▸ DATA SECTION:
============

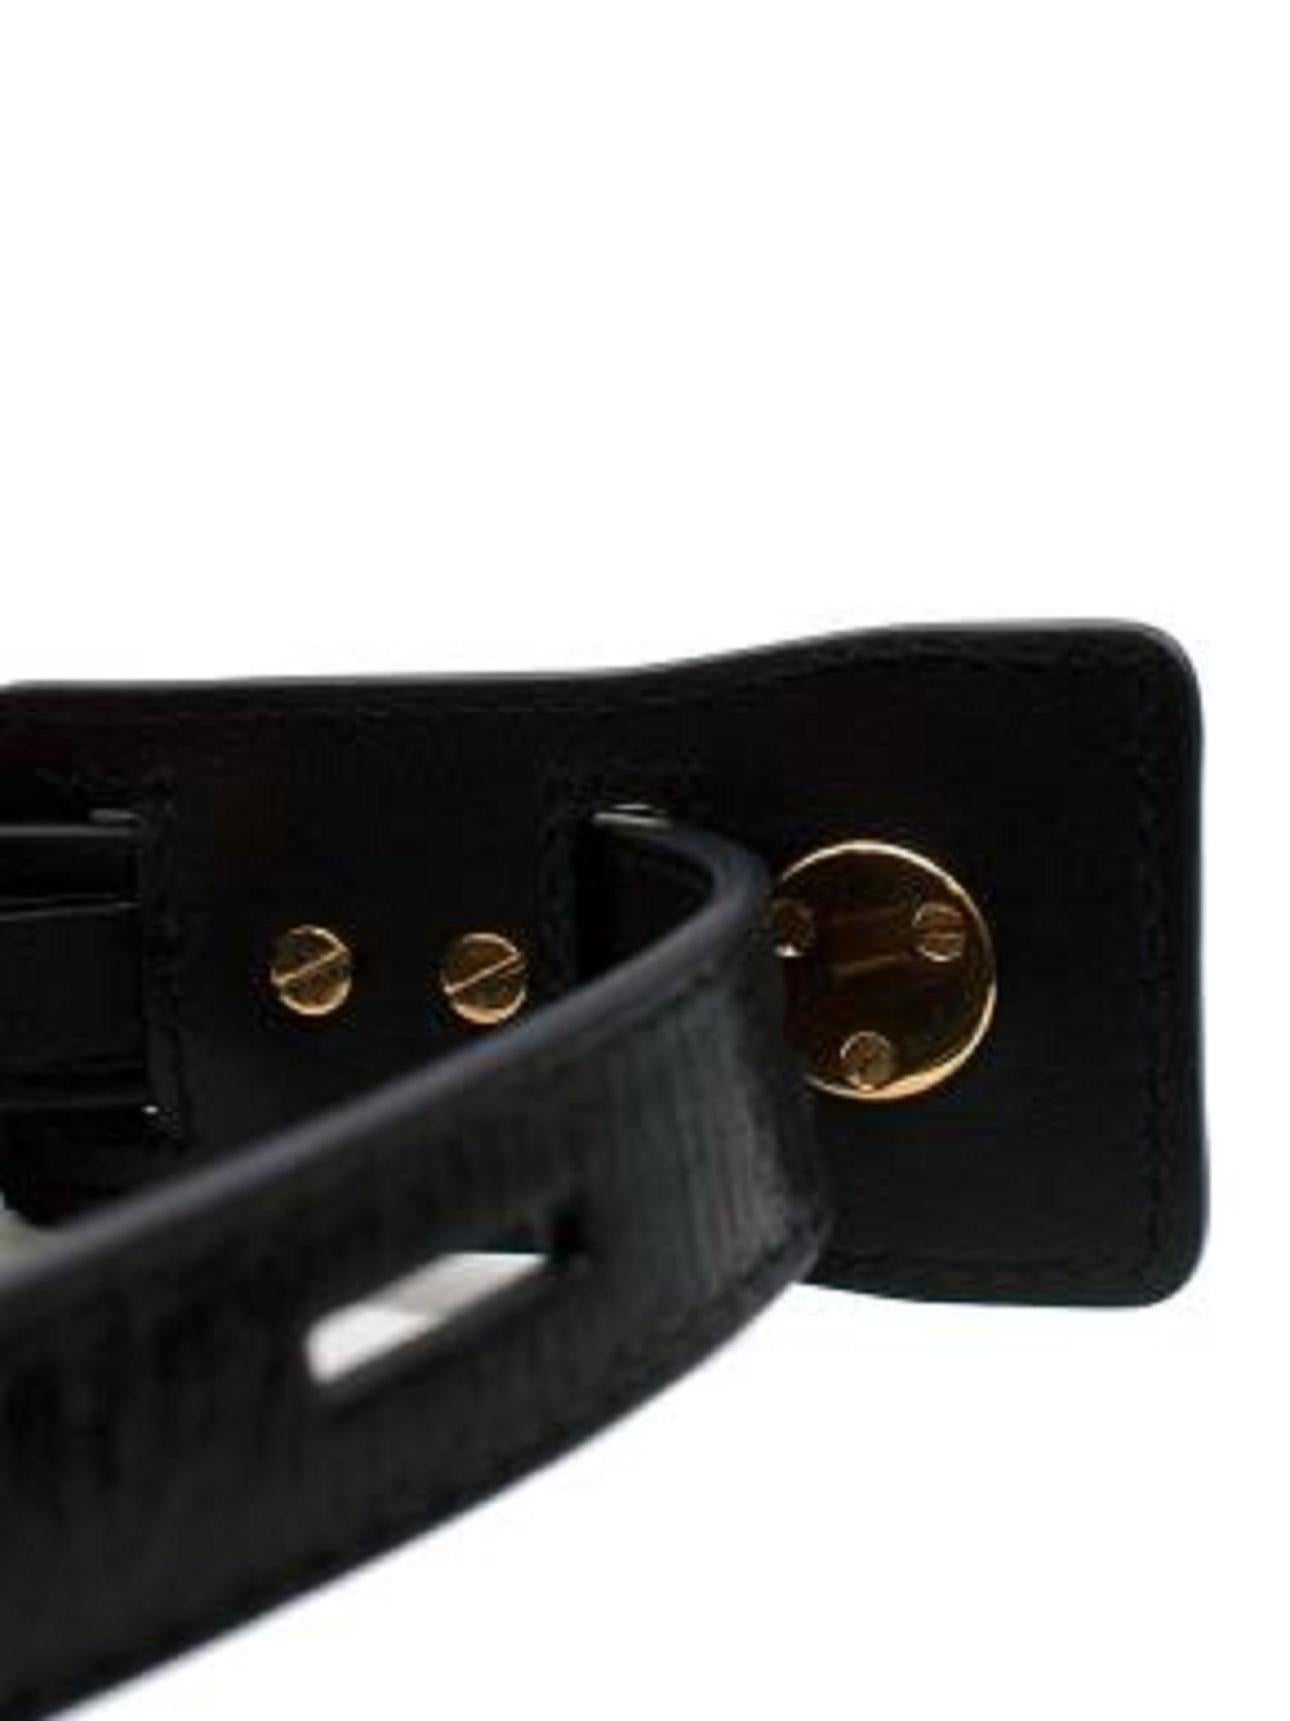 Women's Dior Black Leather Montaigne Belt - Size 70 For Sale
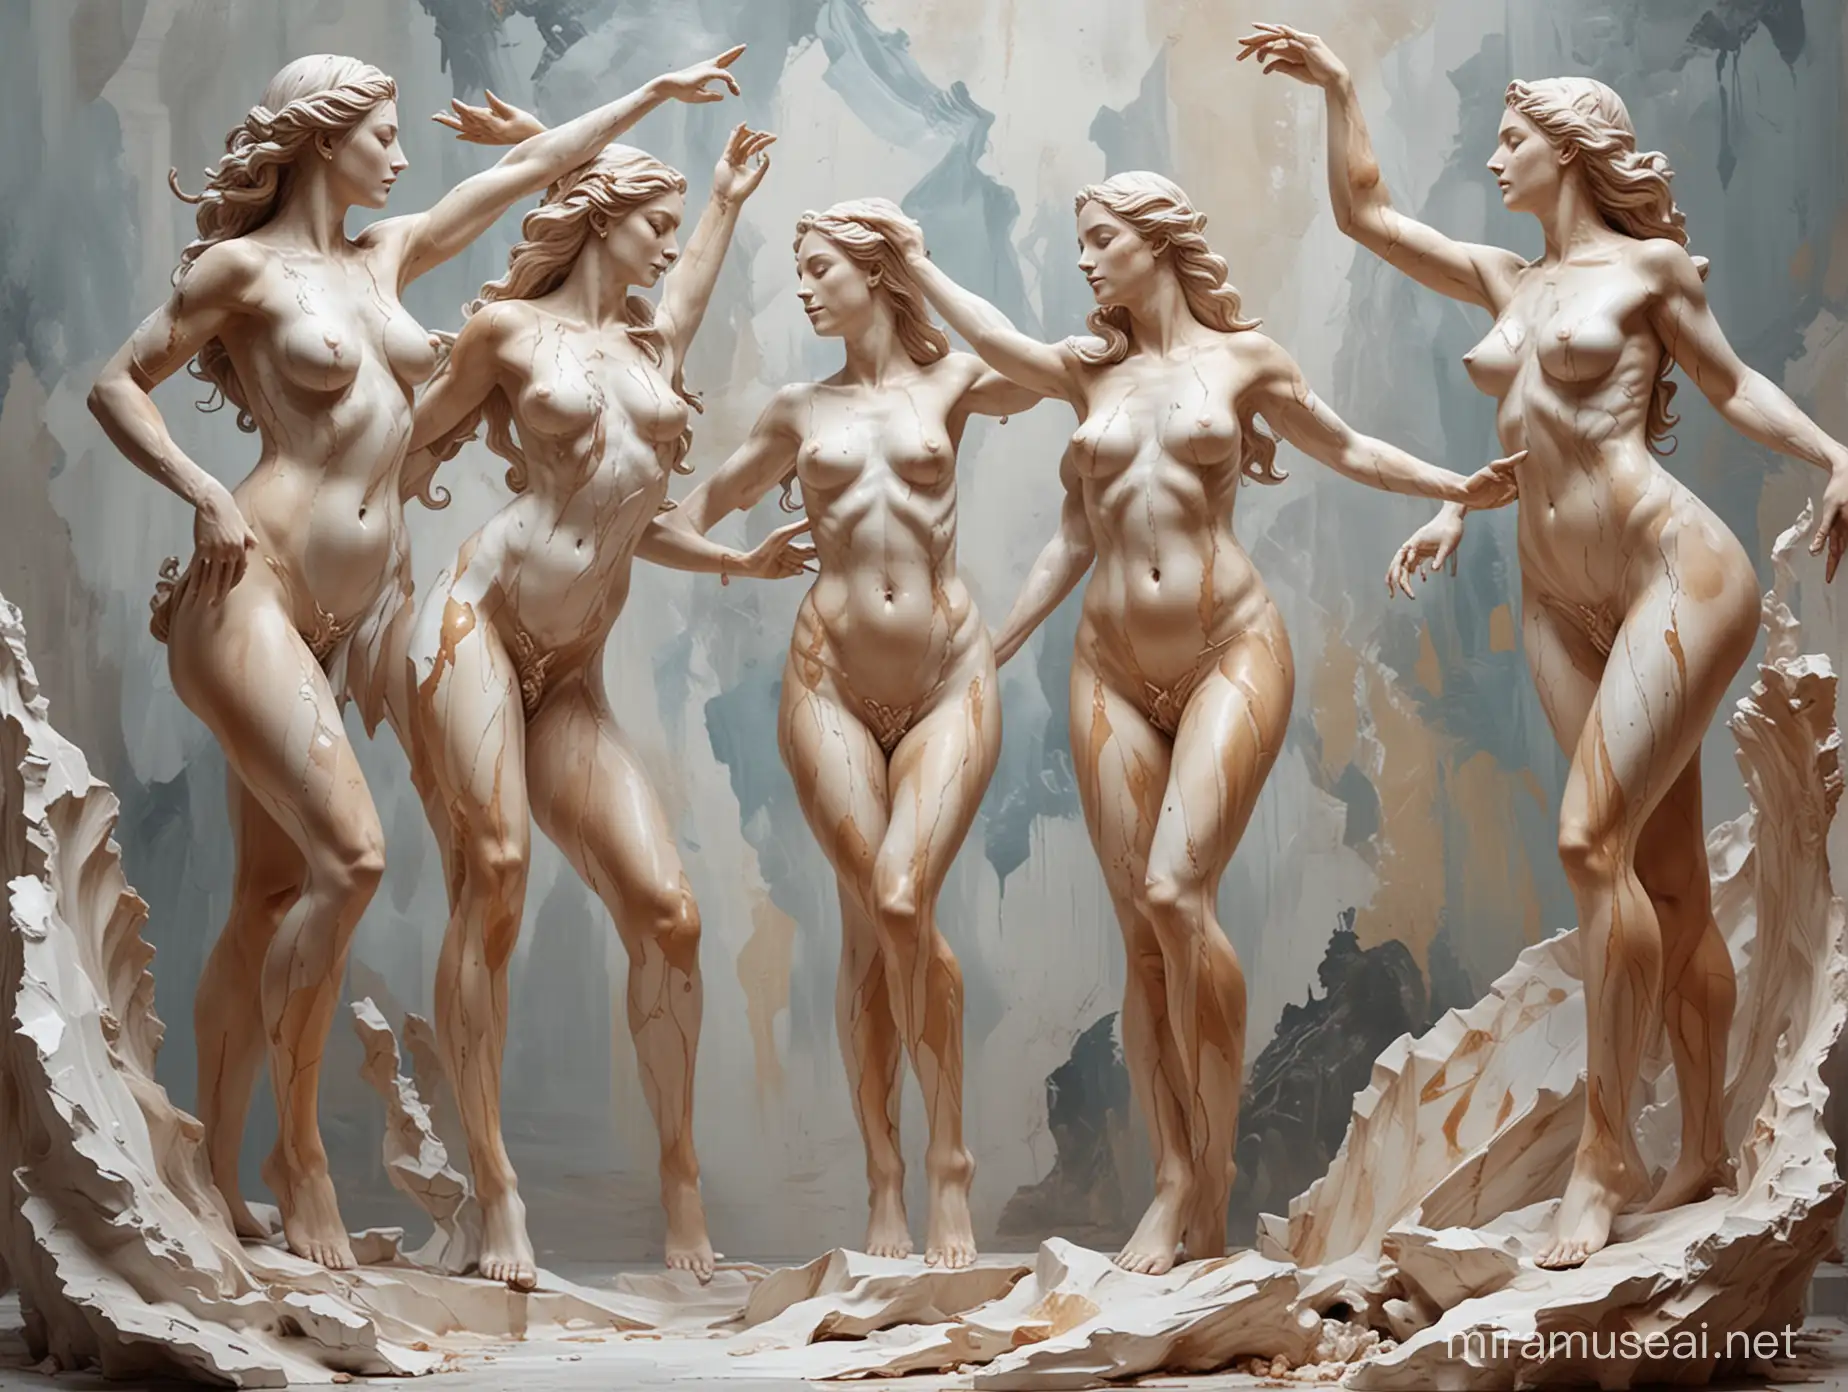 Body Painted Women Dancing Around Broken Marble Venus Statue in Abstract Landscape
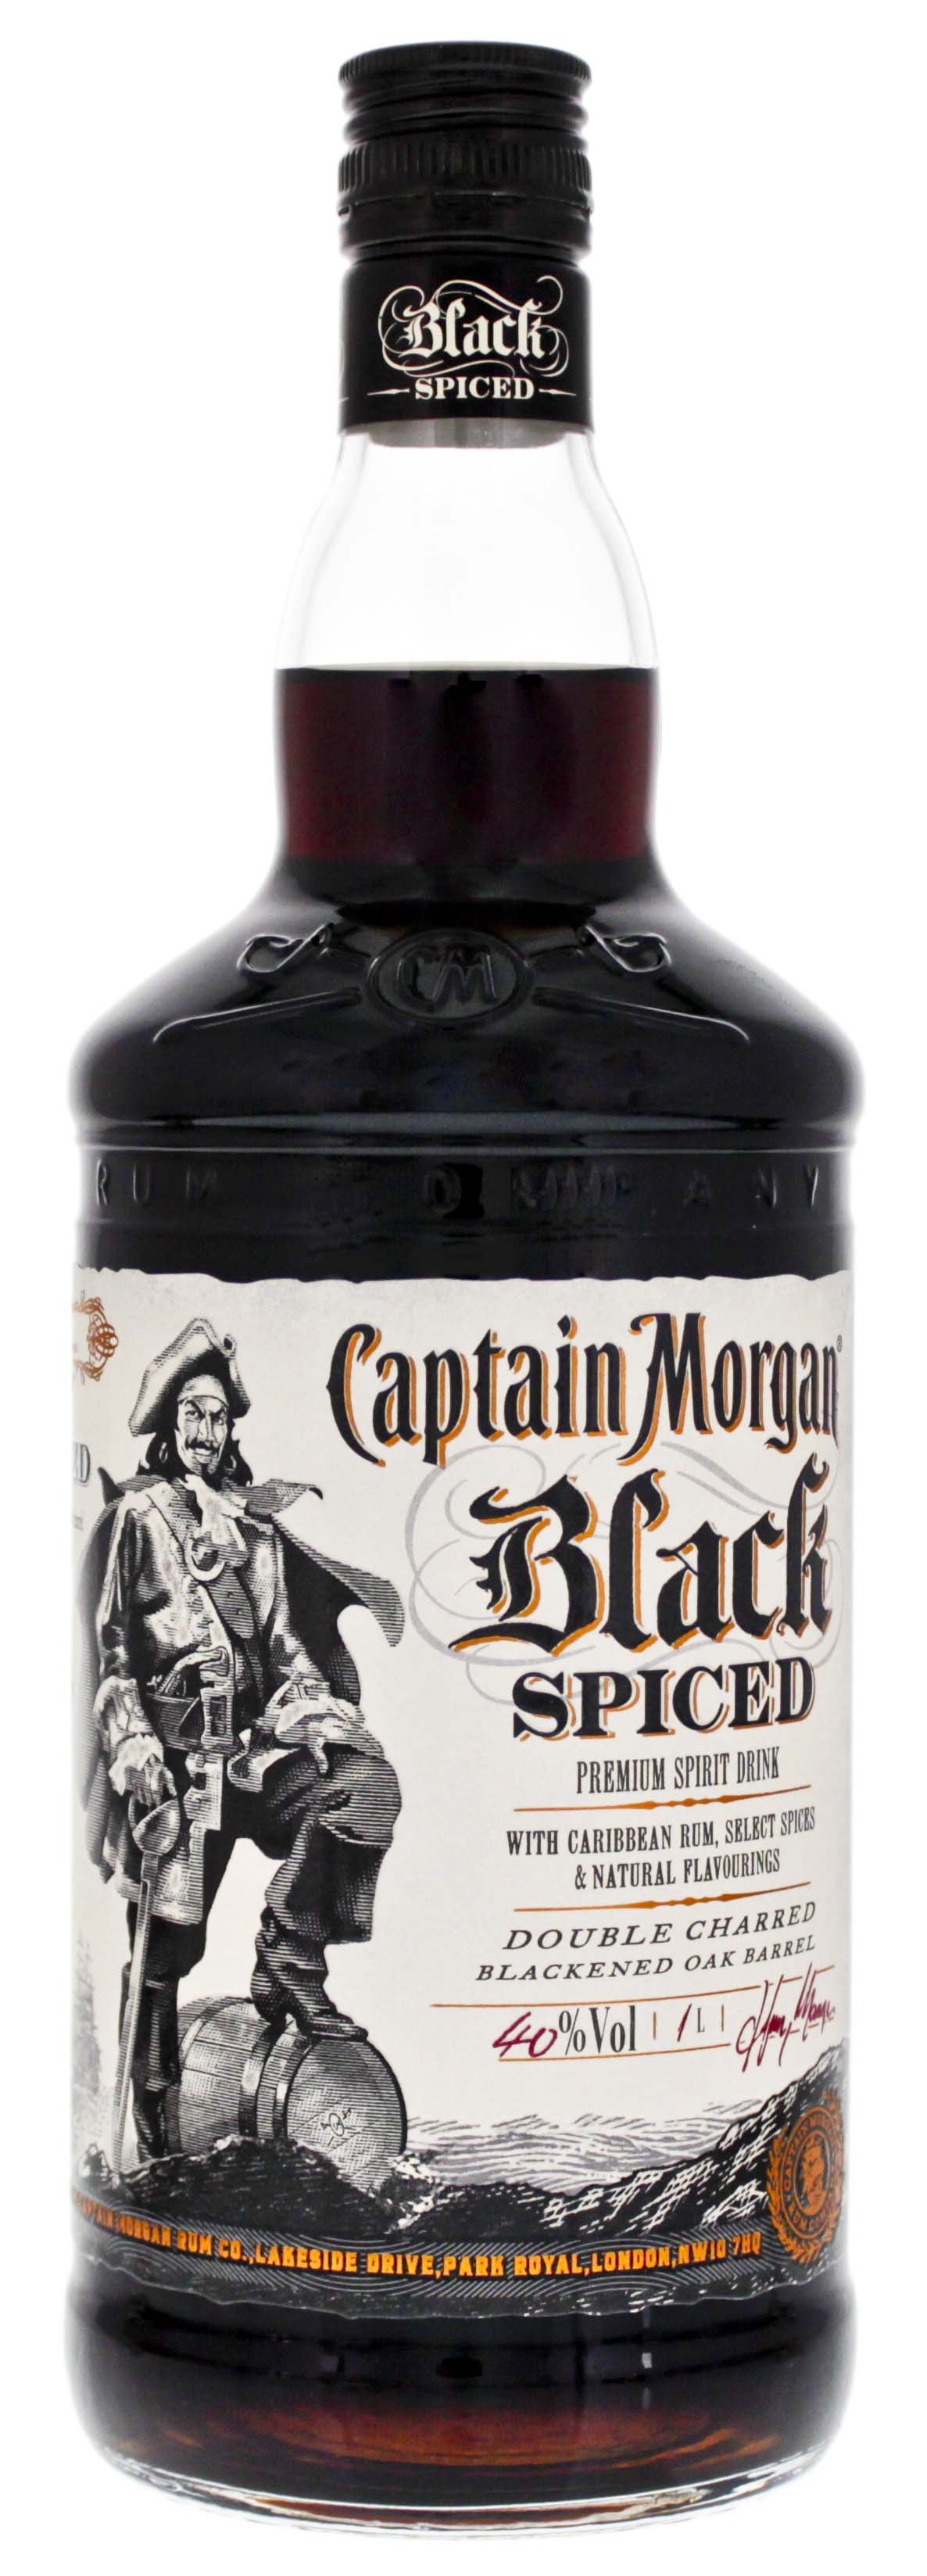 New Captain Morgan Black Spiced rum
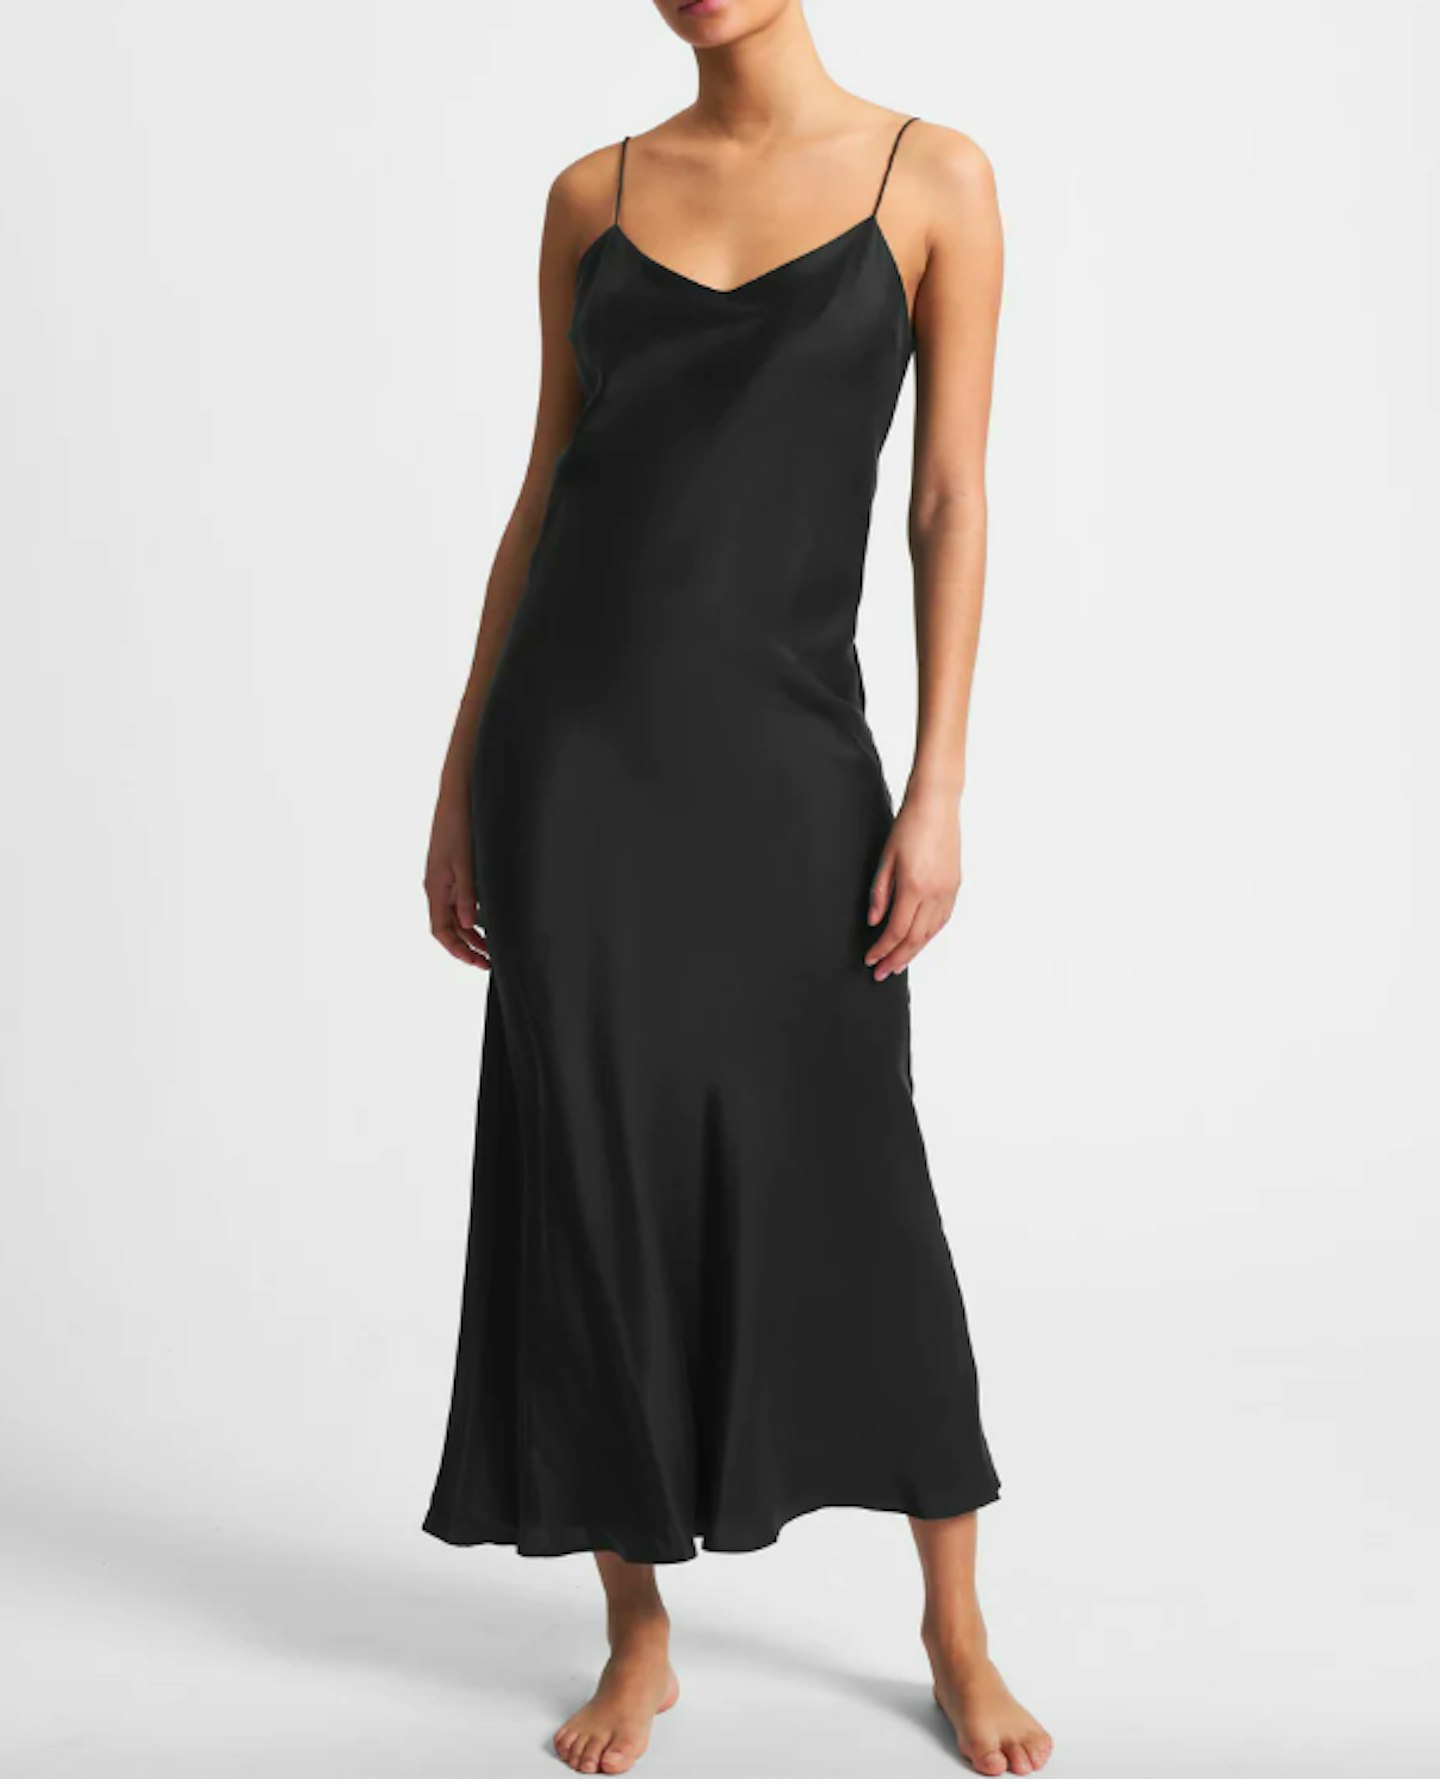 Acsceno, Lyon Black Silk Slip Dress, £295

============

▸ YOUR INSTRUCTIONS:
Transcribe the whole of the data exactly, minus any pictures.

▸ ANSWER BELOW:
 Women's Dior Black Leather Montaigne Belt - Size 70 For Sale
 Body Painted Women Dancing Around Broken Marble Venus Statue in Abstract Landscape
 New Captain Morgan Black Spiced rum
 Acsceno, Lyon Black Silk Slip Dress, £295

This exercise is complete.